Kahneman insightful findings invite us to take a step back and think about the way we make decisions. The human nature and its inclination to go beyond what is reasonable gave food for thoughts from the Tower of Babel myth to the Irrational Exuberance concept of Nobel Prize Robert Shiller. Have we always been reasonable in the PV industry? Probably not. Nobody’s perfect. But being aware of patterns makes us already better.
Lesson learned – beware of commodities
Solar panels are often considered as commodities. This term is widely used in the finance sector. Investopedia defines it as “a basic good used in commerce, that is interchangeable with other commodities of the same type”. If the cost of solar panels is so important it is because solar panels are considered like interchangeable commodities. But are they really commodities? Isn’t it a comfortable story we tell ourselves to simplify a more complex situation?
There is indeed complexity and know-how involved in the production of solar panels.
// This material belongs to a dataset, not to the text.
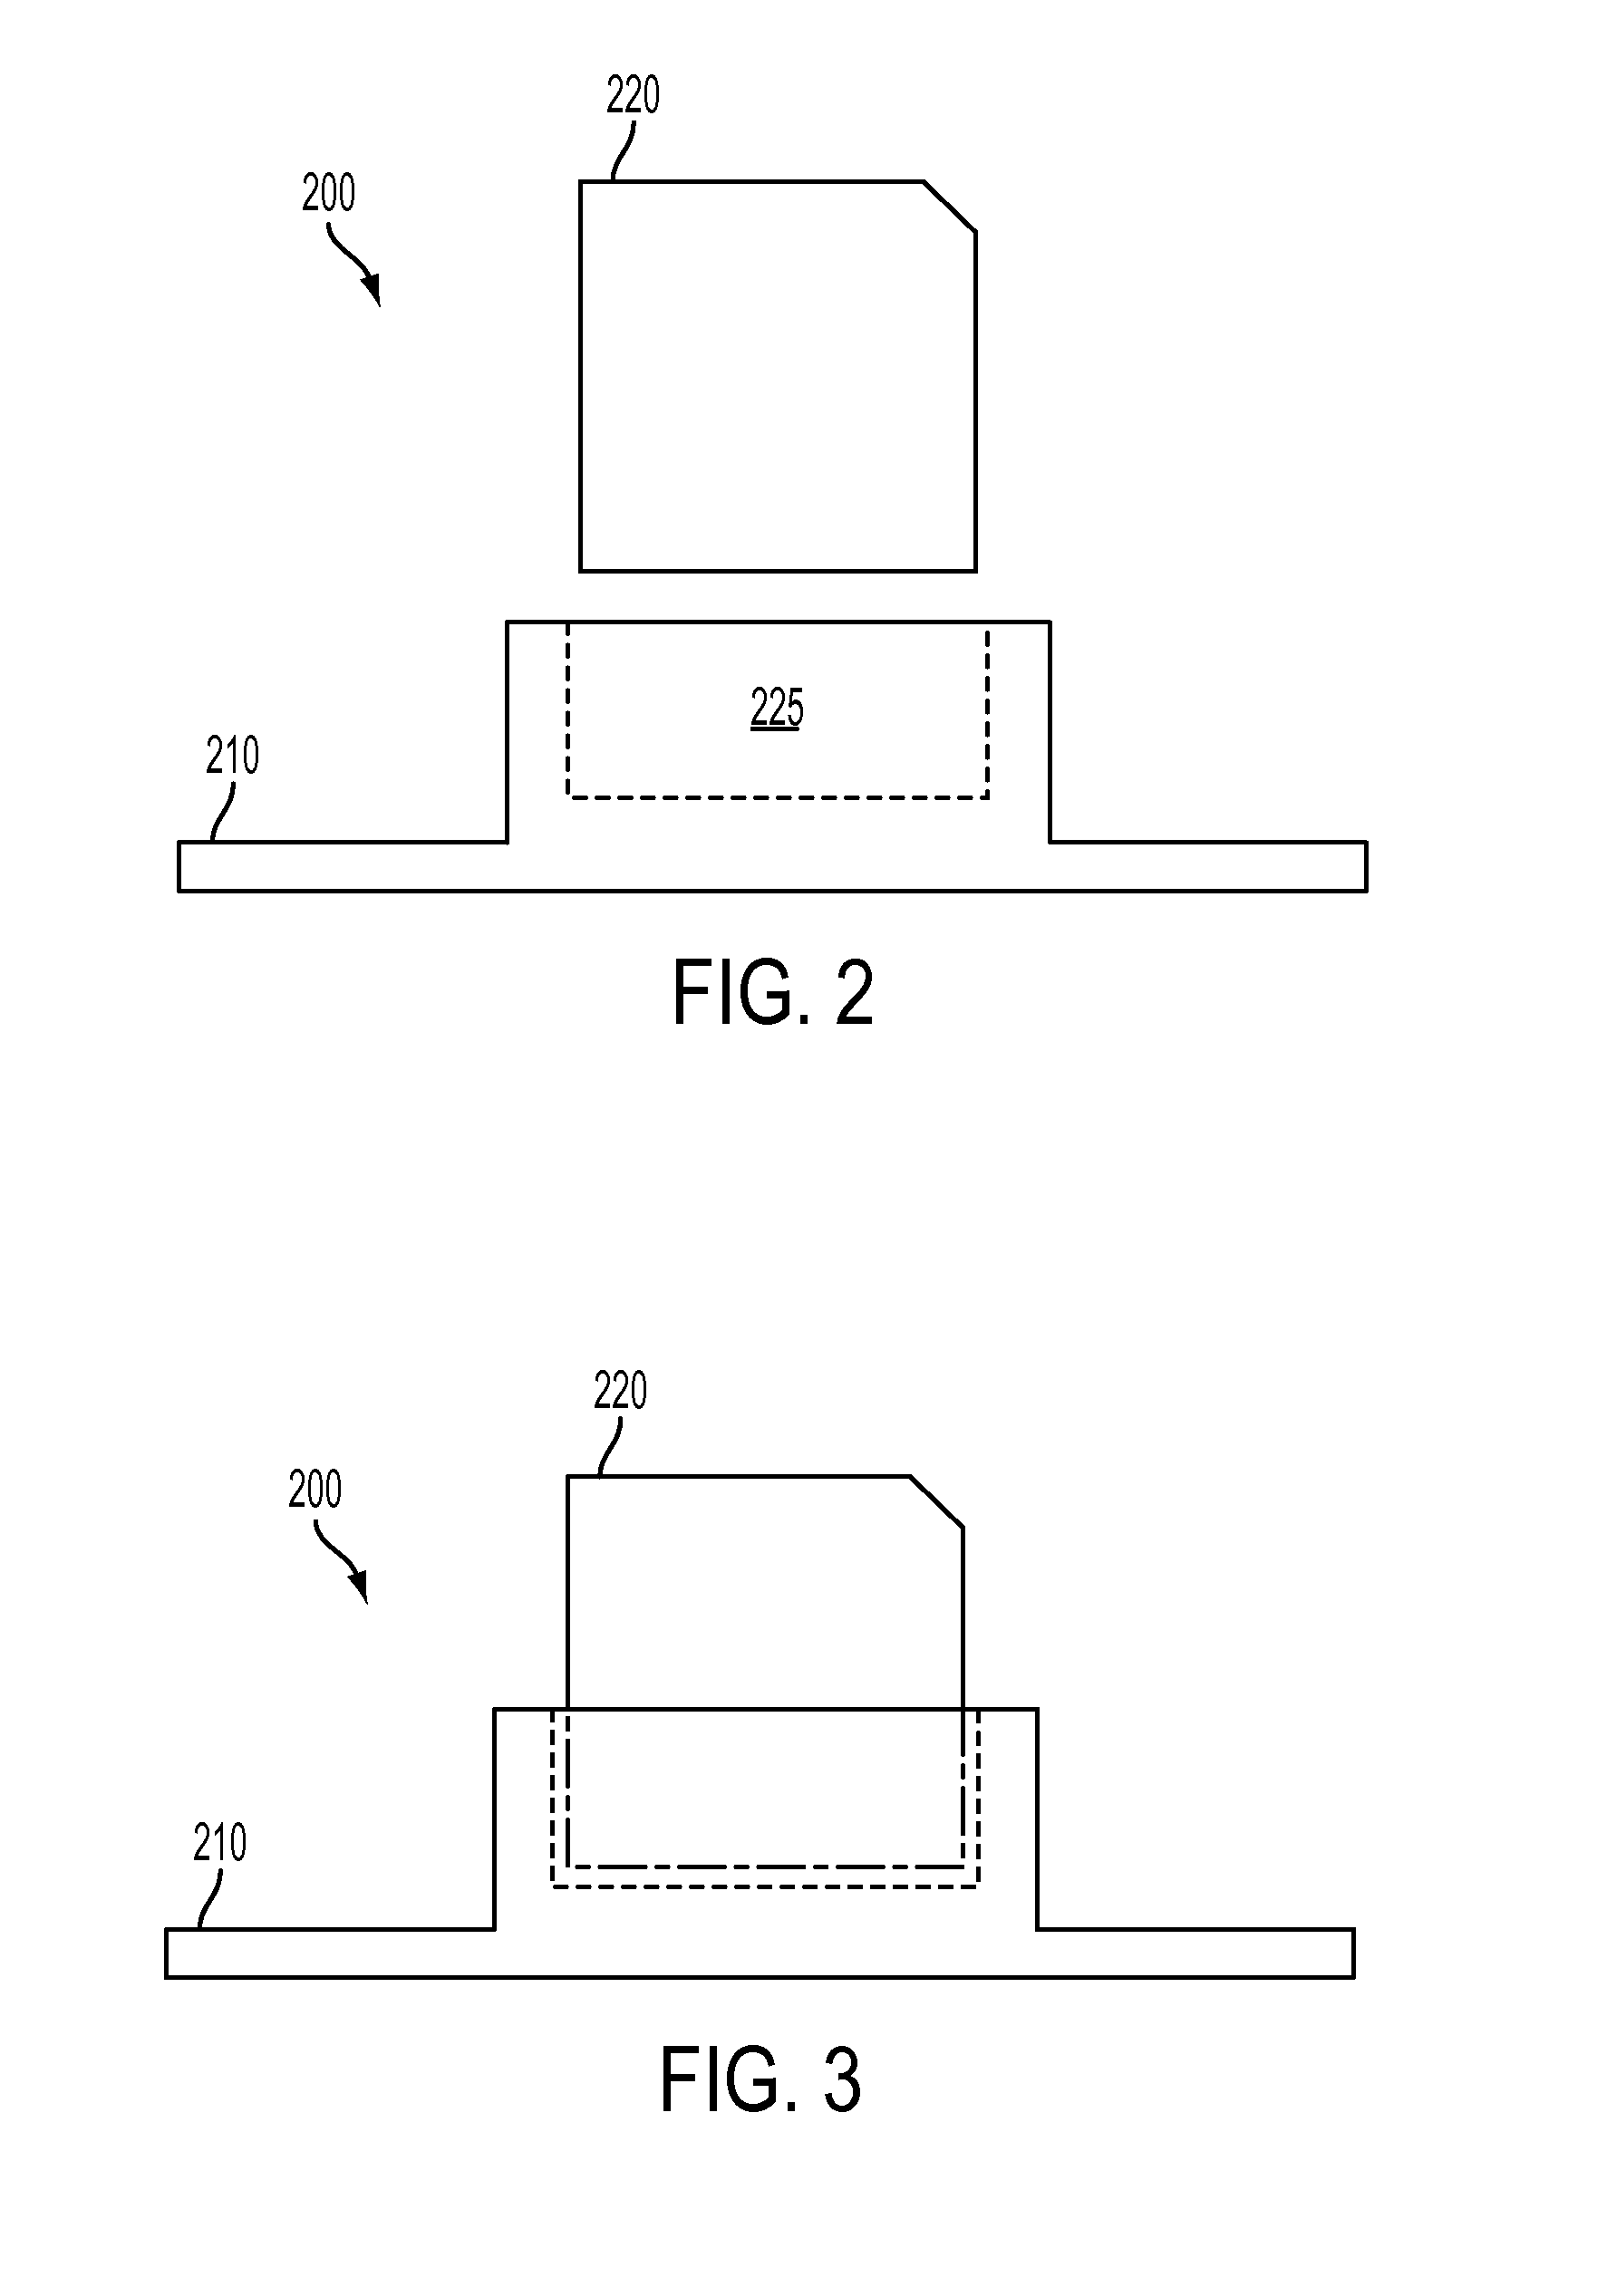 Systems and methods for providing combined configuration management and product identification

But if you only have a data sheet to make sense of it, then What You See Is all There Is. The solar price won’t necessarily capture all this complexity neither the Total Cost of Ownership of the product.
Commodities exist only if we accept them. The Italian revamping example showed that differences exist. That’s why we still need initiatives, like the PVDI from the Fraunhofer Institute, to better simulate, evaluate and understand what’s going on during the life of a solar panel.
Let’s not forget that the biggest junk of the PV worldwide capacity has been installed while the industry was in a consolidation phase undergoing huge pressure to cut solar panels costs, with all the potential negative consequences we can imagine on quality. While there is no need to paint the situation darker than it really is, it is reasonable and wise to keep a critical eye, like the Black Sheep series of PV Magazine for example. To avoid indulging into blind optimism not to see questionable behaviors in the industry nor throwing everyone in the same garbage, we can only invite people faced with the choice of a module supplier to delete the word commodity from their vocabulary, to embrace complexity by questioning things, gathering experience and ultimately knowledge, the only barrier to avoid the What You See Is All There Is trap.